Masyarakat kini dapat mengetahui kategori kelompok ekonomi mereka melalui layanan cek desil bantuan sosial (bansos) secara daring. Proses pengecekan ini hanya memerlukan Nomor Induk Kependudukan (NIK) KTP tanpa harus mendatangi kantor kelurahan.
Dilansir dari Bansos, kemudahan akses digital ini disediakan oleh Kementerian Sosial (Kemensos) untuk transparansi data penerima bantuan. Melalui pengecekan tersebut, warga bisa memantau status kepesertaan mereka untuk pencairan bansos pada April 2026.
Data yang ditampilkan tidak hanya menunjukkan status penerimaan, tetapi juga posisi desil dalam basis data sosial ekonomi nasional. Hasil ini menjadi indikator utama bagi pemerintah untuk menentukan kelayakan penerima bantuan seperti PKH dan BPNT.

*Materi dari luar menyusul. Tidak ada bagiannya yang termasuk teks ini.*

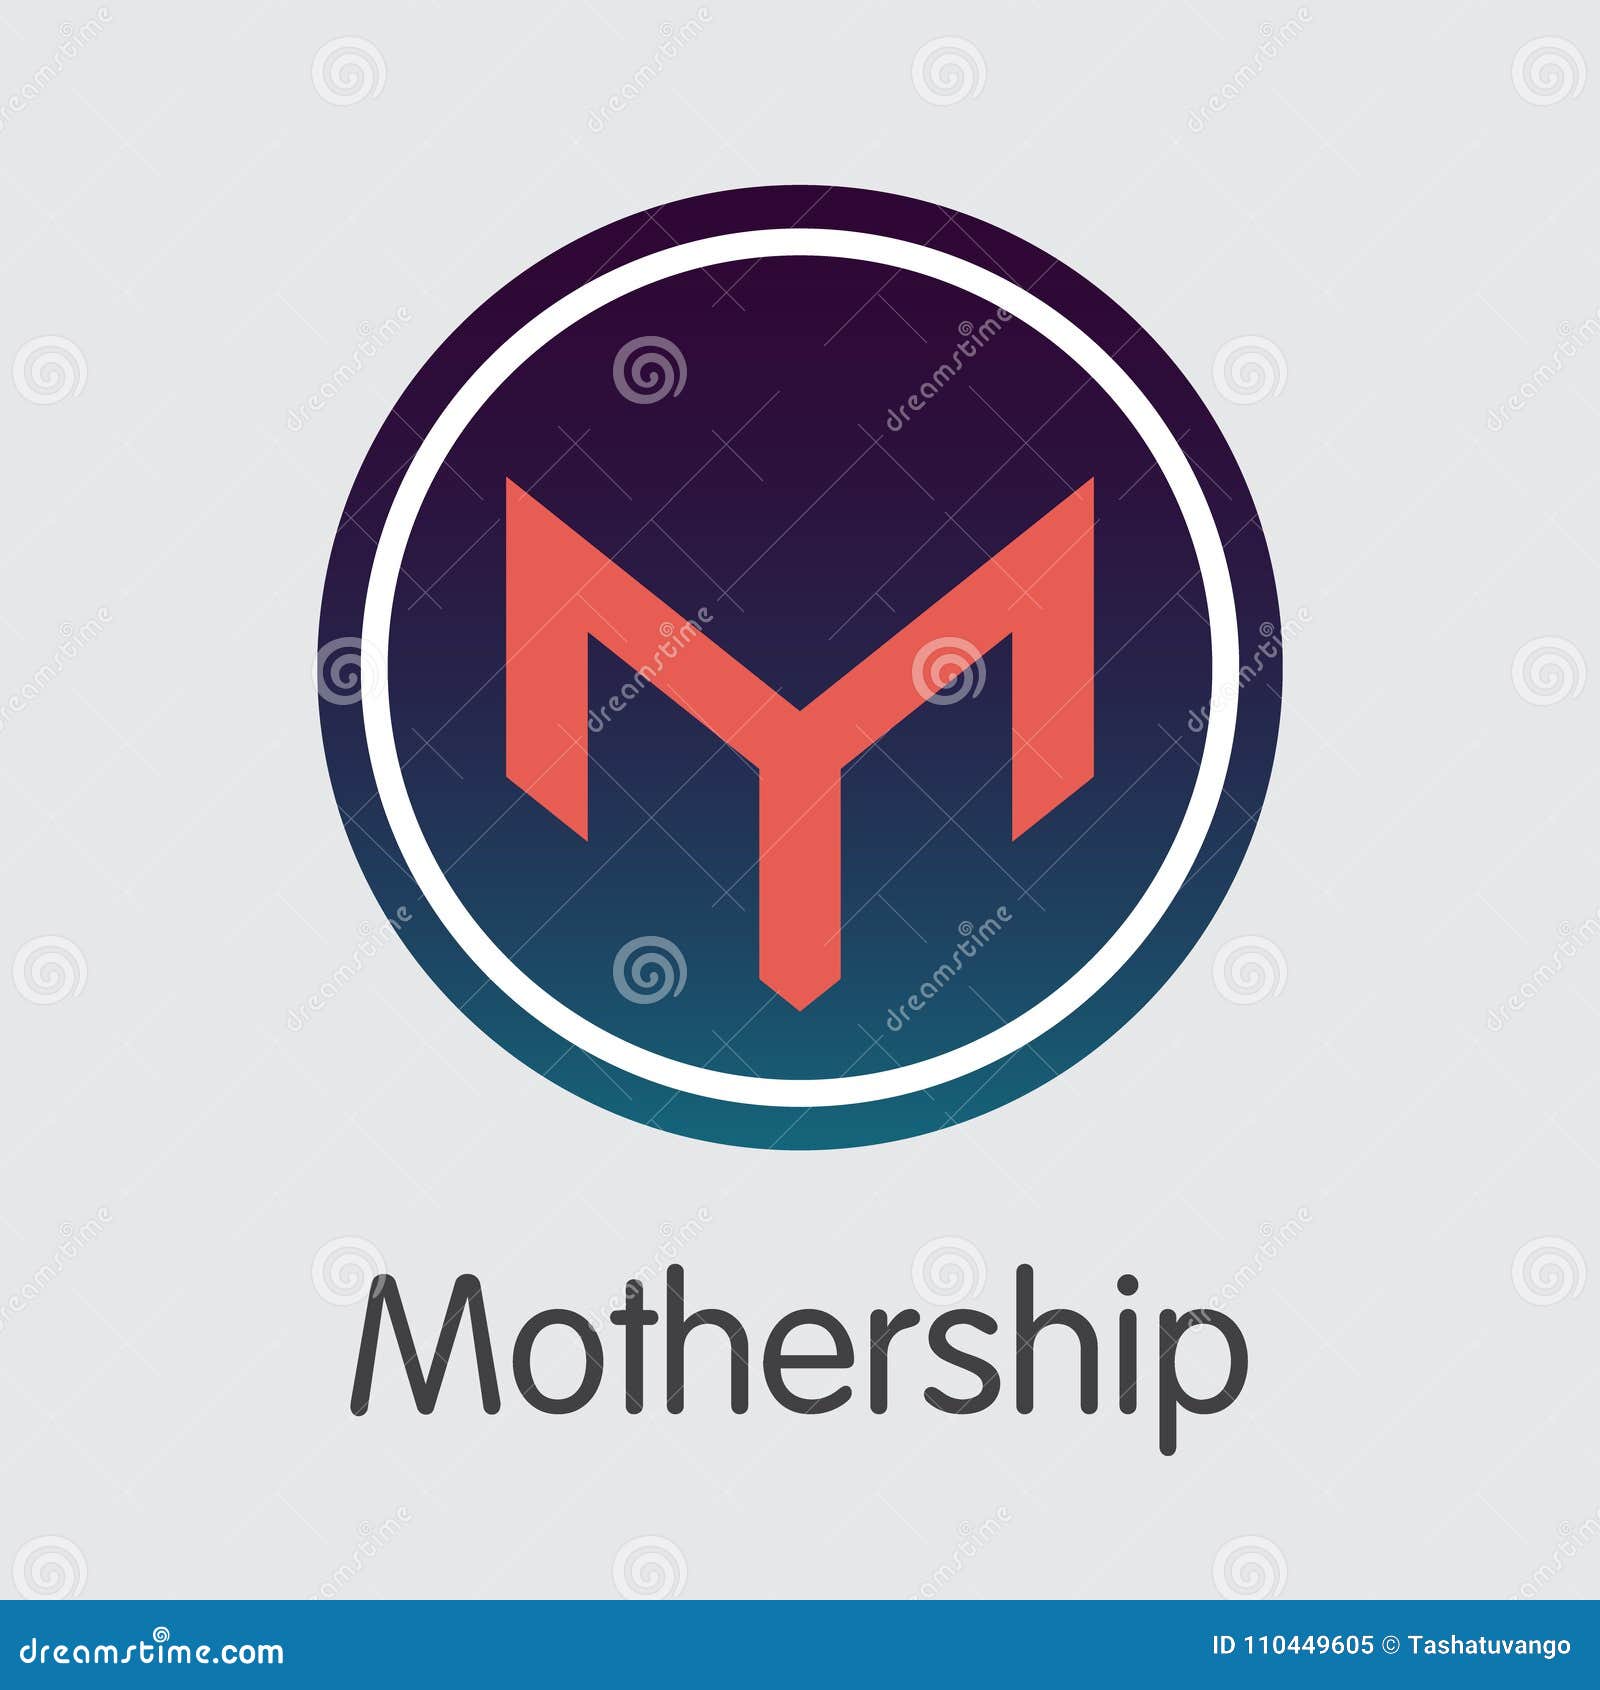 Mothership - digital asset exchange platform :: Behance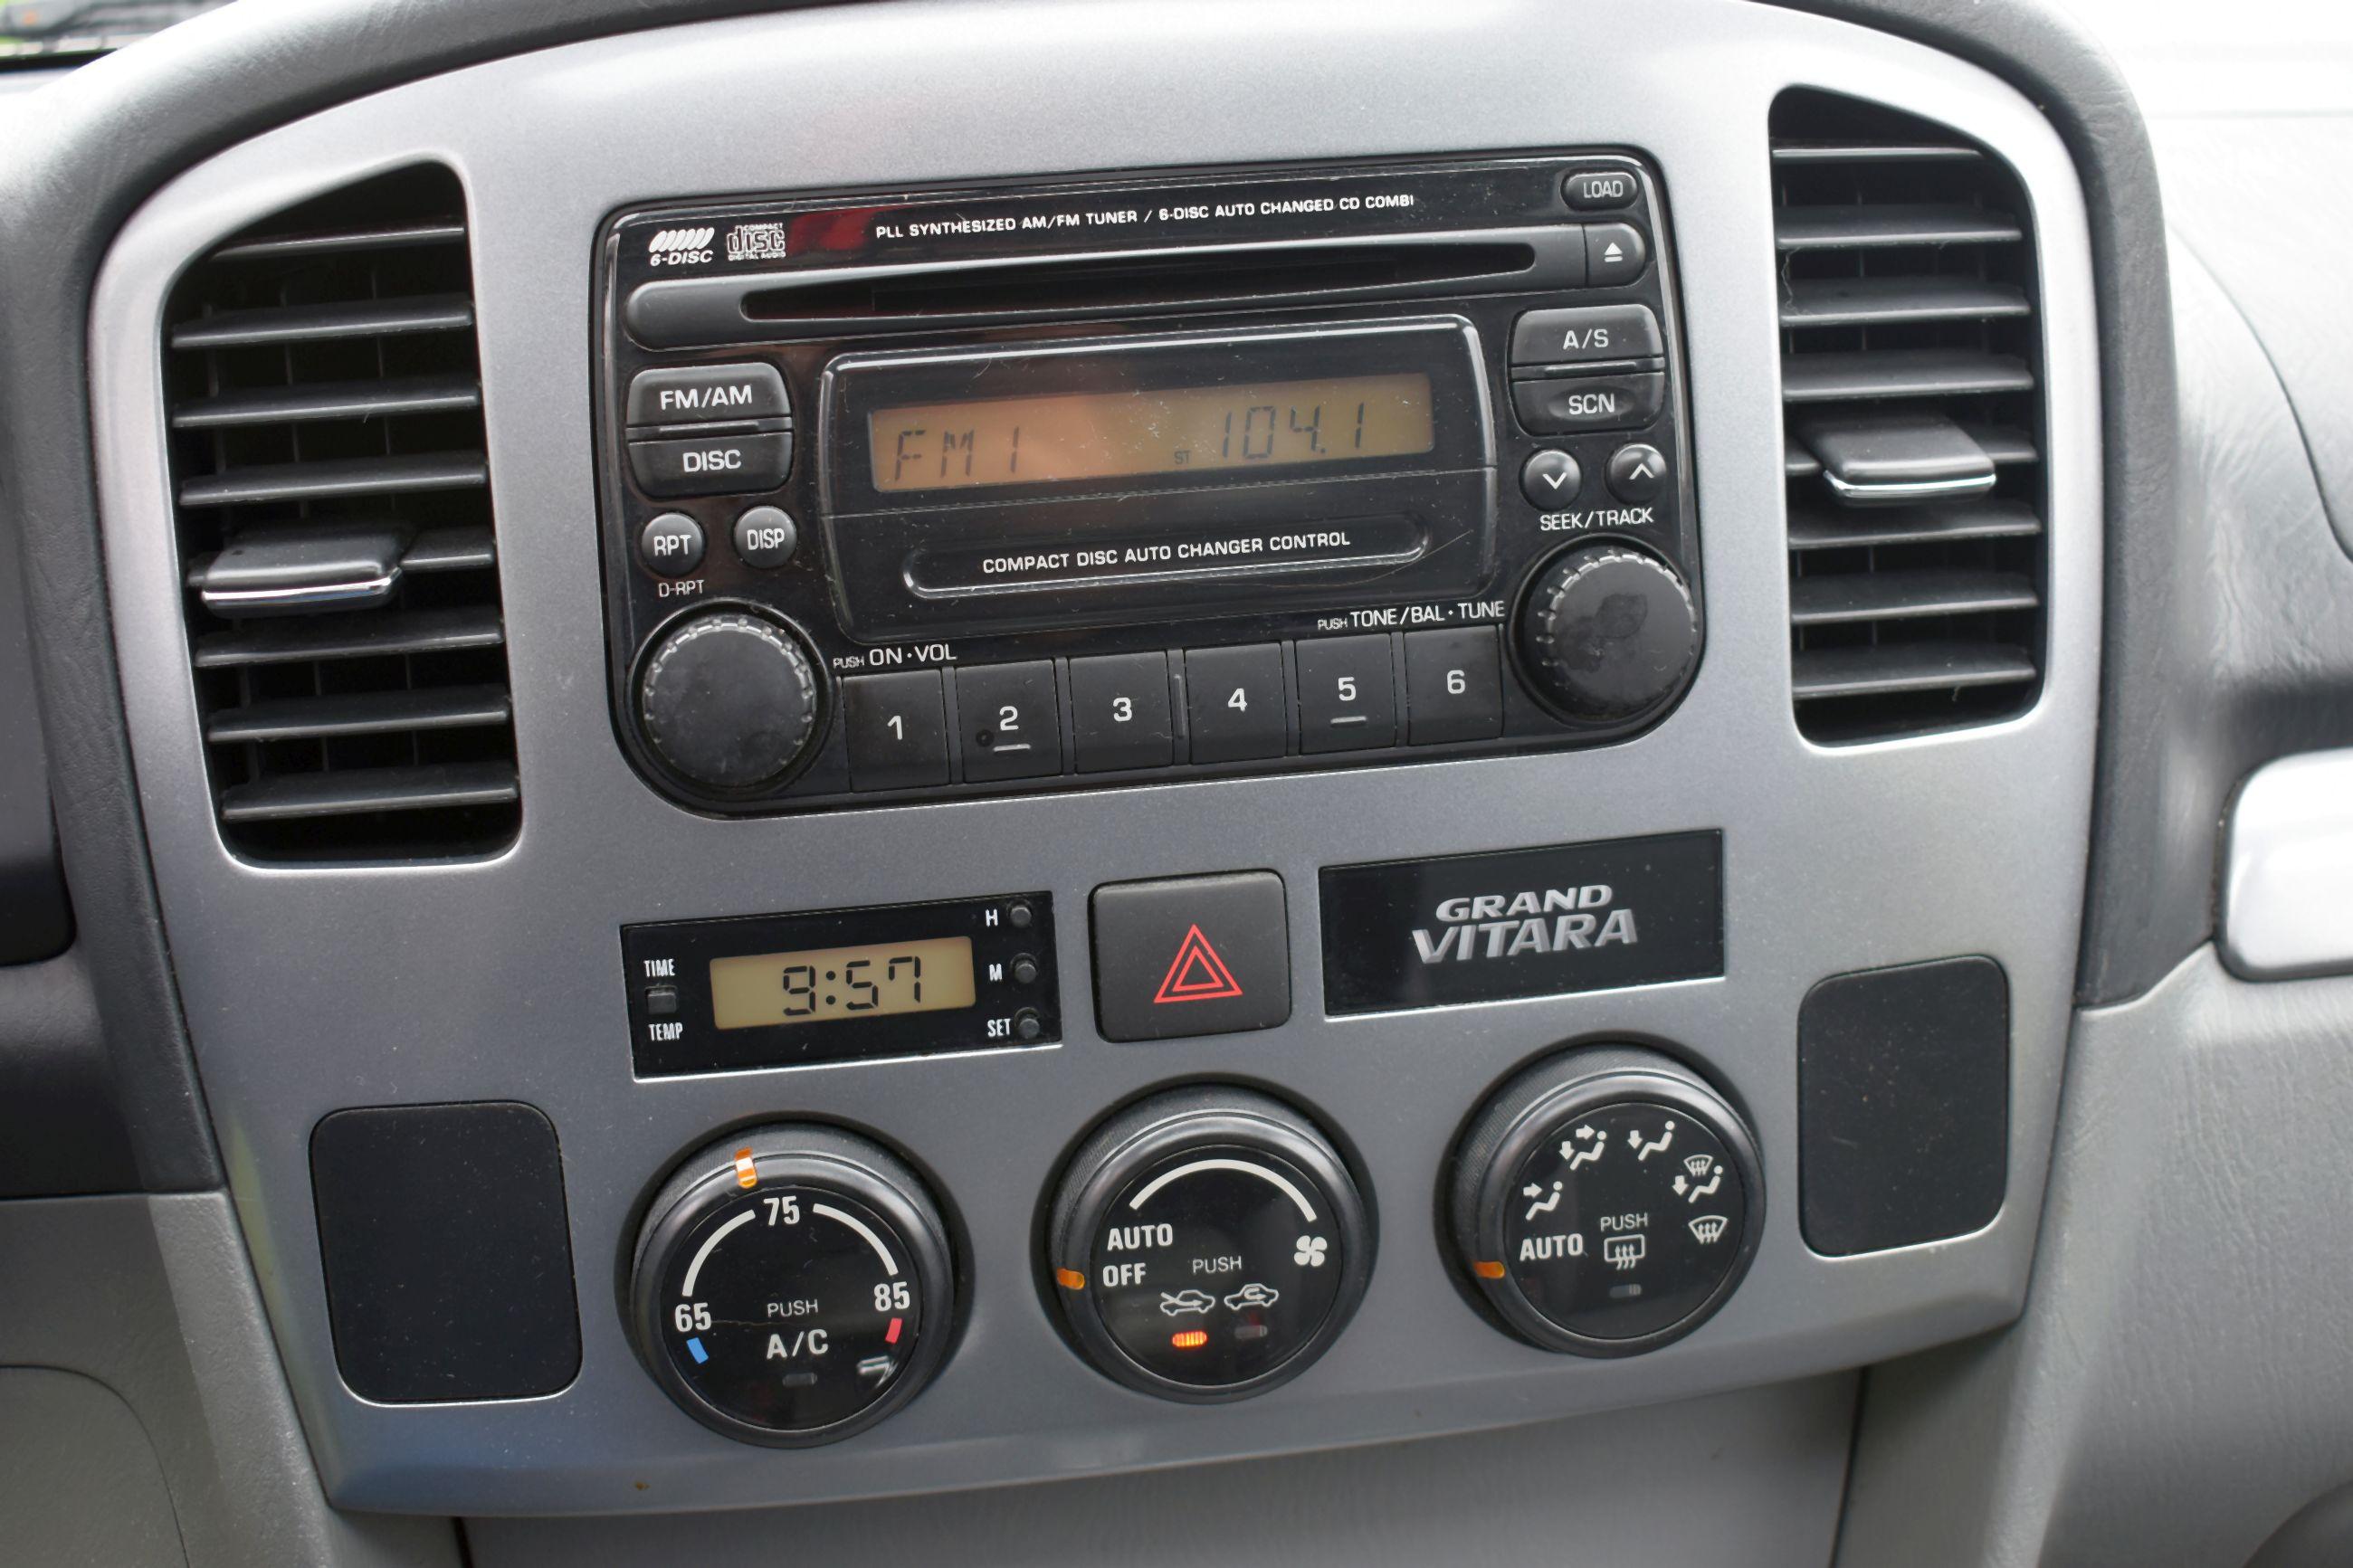 2005 Suzuki Grand Vitara, 4x4, V6, Automatic, Sunroof, Full Power, 45,244 Actual Miles, Cloth, Clean

Terdapat dua cara praktis yang bisa digunakan masyarakat untuk mengakses informasi data sosial ini selama perangkat terhubung dengan internet. Cara pertama adalah melalui aplikasi resmi yang dikembangkan oleh pemerintah.
Pengguna dapat mengunduh aplikasi Cek Bansos melalui toko aplikasi di ponsel pintar. Setelah terpasang, pilih menu khusus pengecekan, masukkan NIK KTP, lalu klik tombol cari data untuk memproses informasi secara otomatis.
Sistem akan menampilkan rincian lengkap yang meliputi nama identitas, kelompok desil, hingga status aktif sebagai penerima manfaat. Selain melalui aplikasi, masyarakat juga dapat mengakses situs resmi yang dikelola langsung oleh Kemensos melalui peramban Google.
Memahami Klasifikasi Desil dalam Bantuan Sosial
Desil merupakan sistem kategorisasi yang membagi tingkat kesejahteraan masyarakat ke dalam sepuluh tingkatan berbeda. Mekanisme ini membantu pemerintah dalam melakukan pemetaan agar distribusi bantuan sosial bisa tepat sasaran.
Angka desil yang rendah menunjukkan tingkat ekonomi yang lebih kecil, sehingga kelompok tersebut mendapatkan prioritas lebih tinggi. Data ini dikelola secara terintegrasi antara Kementerian Sosial dengan Badan Pusat Statistik (BPS).
| Kelompok Desil | Klasifikasi Ekonomi | Jenis Program Bantuan |
|---|---|---|
| Desil 1 | Miskin Ekstrem (10% Terbawah) | PKH, BPNT, PBI-JK, ATENSI |
| Desil 2 | Miskin | PKH, BPNT, PBI-JK, ATENSI |
| Desil 3 | Hampir Miskin | PKH, BPNT, PBI-JK, ATENSI |
| Desil 4 | Rentan Miskin | PKH, BPNT, PBI-JK, ATENSI |
| Desil 5 | Menuju Kelas Menengah | BPNT, PBI-JK, ATENSI |
Masyarakat yang berada pada kelompok desil 6 hingga 10 umumnya tidak menjadi prioritas utama dalam penyaluran bantuan sosial. Hal ini dikarenakan kelompok tersebut dinilai memiliki kondisi ekonomi yang sudah lebih stabil secara mandiri.
Kendala Status Penerimaan dan Solusi Pemutakhiran Data
Ada kalanya seseorang masuk dalam kelompok desil prioritas namun tidak terdaftar sebagai penerima manfaat bansos. Beberapa penyebab teknis meliputi data yang belum diverifikasi atau ketidaklengkapan administrasi kependudukan.
Selain itu, regulasi menetapkan bahwa anggota keluarga dari ASN, TNI, Polri, serta pegawai BUMN atau BUMD tidak diperkenankan menerima bantuan. Langkah ini diambil guna menjaga integritas penyaluran dana negara kepada pihak yang benar-benar membutuhkan.
Jika terdapat ketidaksesuaian antara data digital dengan kondisi ekonomi yang sebenarnya, masyarakat dapat menempuh jalur pemutakhiran data. Opsi ini tersedia secara luring dengan mendatangi dinas sosial atau kantor desa setempat.
Bagi yang lebih memilih jalur digital, aplikasi Cek Bansos menyediakan menu usulan untuk mengajukan permohonan mandiri. Pembaruan data dilakukan pemerintah secara berkala setiap tiga bulan guna memastikan akurasi data tetap terjaga.